§ Assignment: Give the listing below again exactly, but without any of its pictures.

§ Collected data:

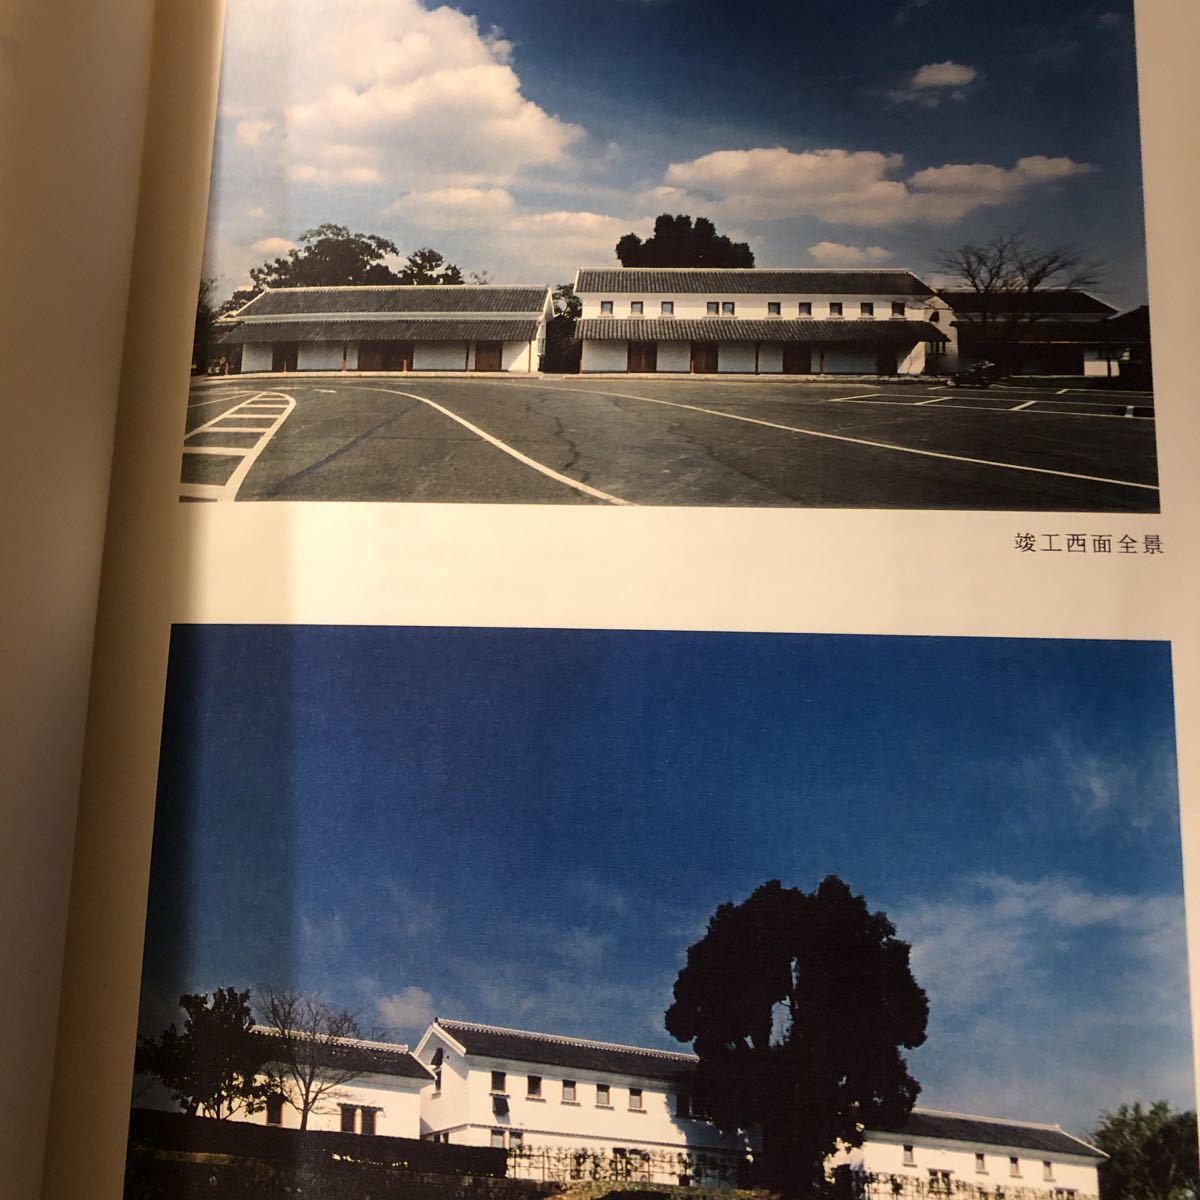 熊本城二の丸休息所・売店改修工事 報告書 平成5年 熊本市_画像3
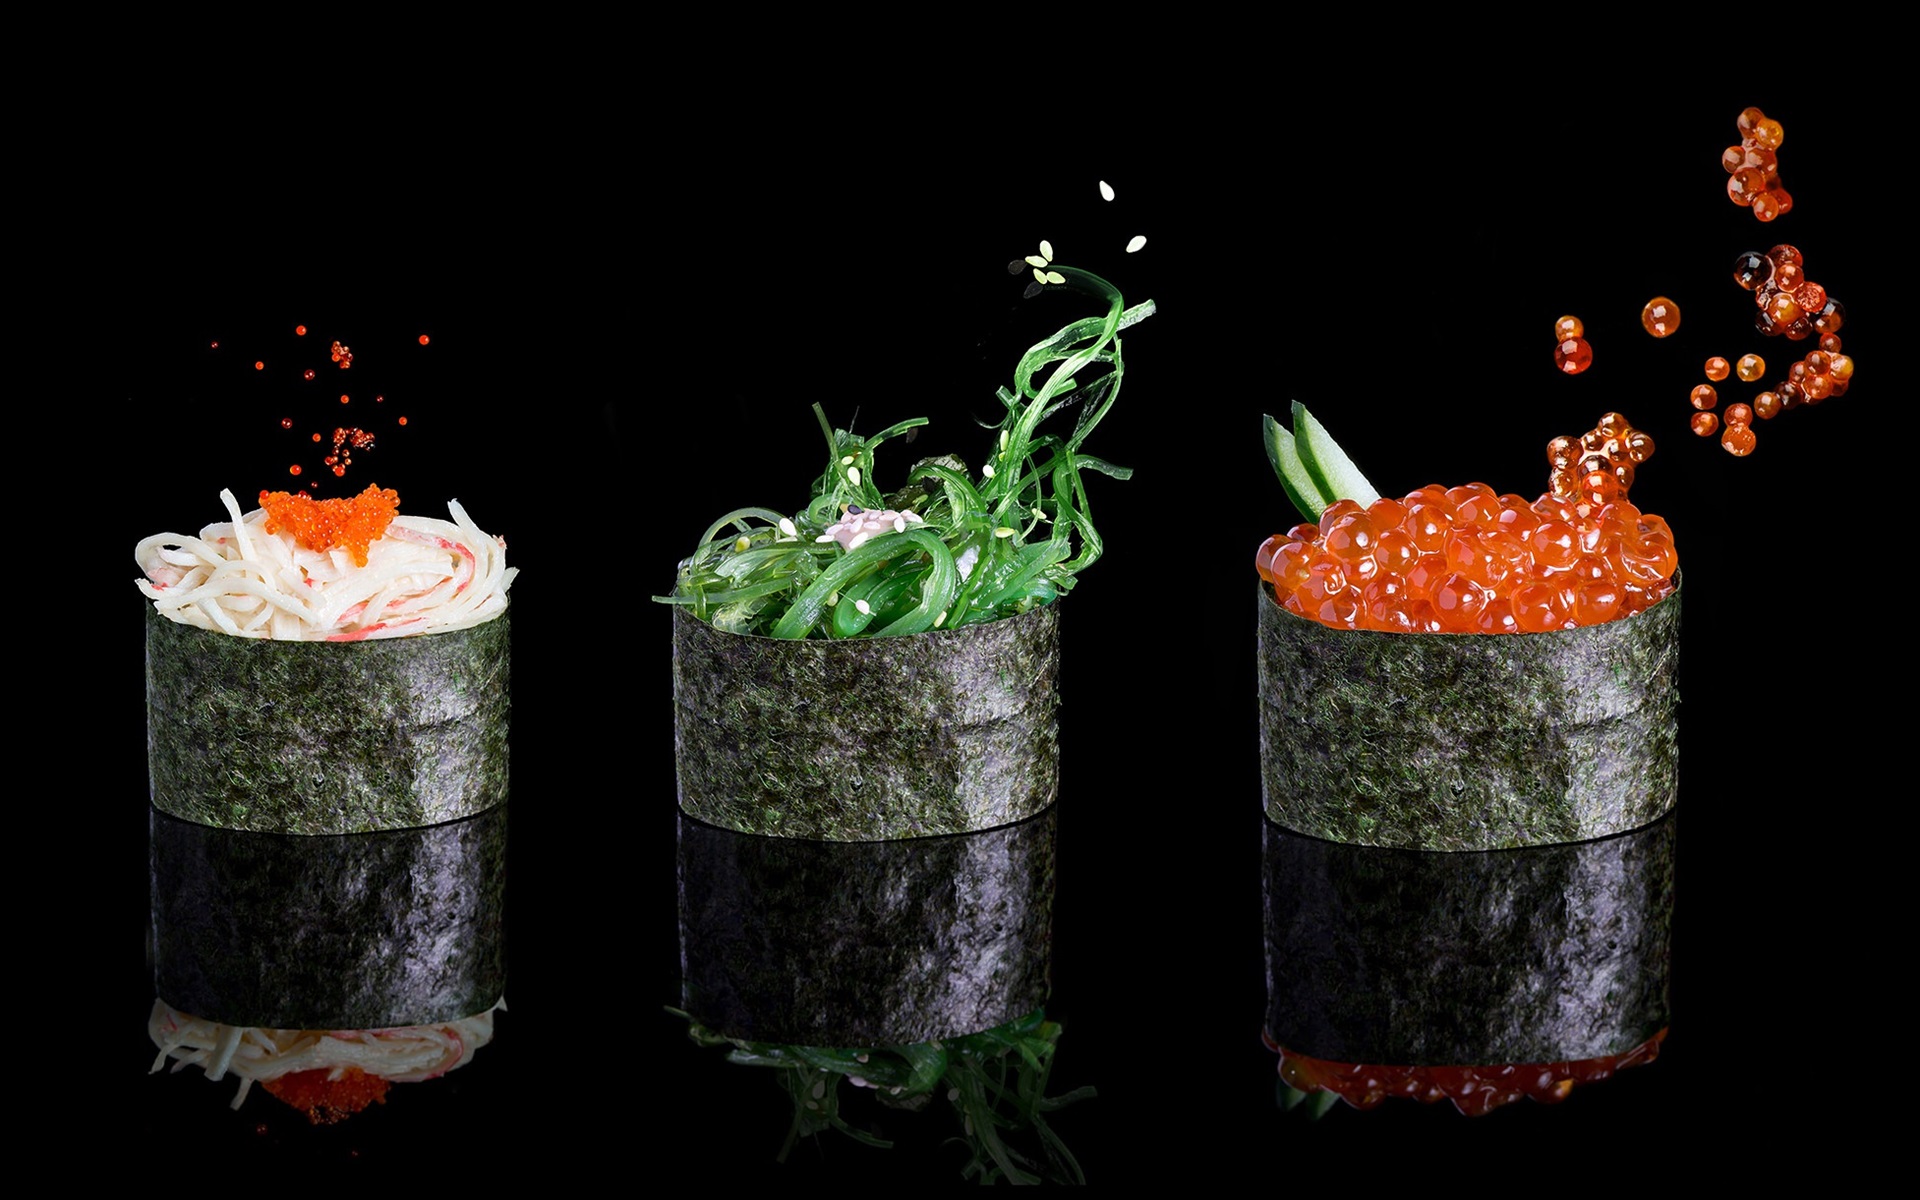 Wallpaper Food, Nori, Caviar, Sesame, Vegetable, Black - Food Wallpaper Black Background - HD Wallpaper 
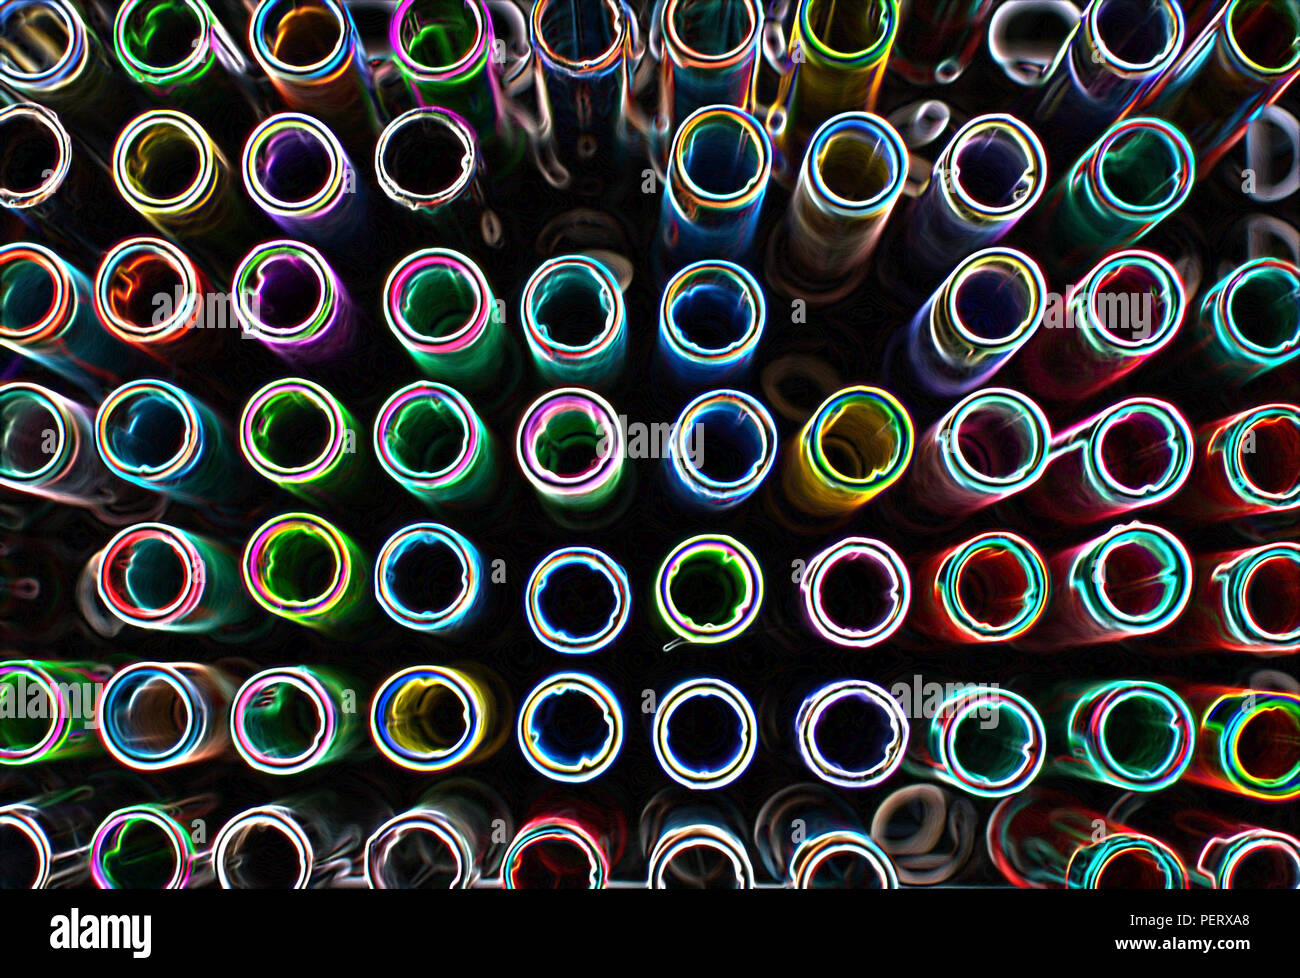 Zusammenfassung Hintergrund Künstler tools Färbung Stifte in vielen Schattierungen von oben in Schwarz und Farben gesehen Stockfoto

§ Task solution:
 熊本城二の丸休息所・売店改修工事 報告書 平成5年 熊本市_画像3
 Wallpaper Food, Nori, Caviar, Sesame, Vegetable, Black - Food Wallpaper Black Background - HD Wallpaper 
 Zusammenfassung Hintergrund Künstler tools Färbung Stifte in vielen Schattierungen von oben in Schwarz und Farben gesehen Stockfoto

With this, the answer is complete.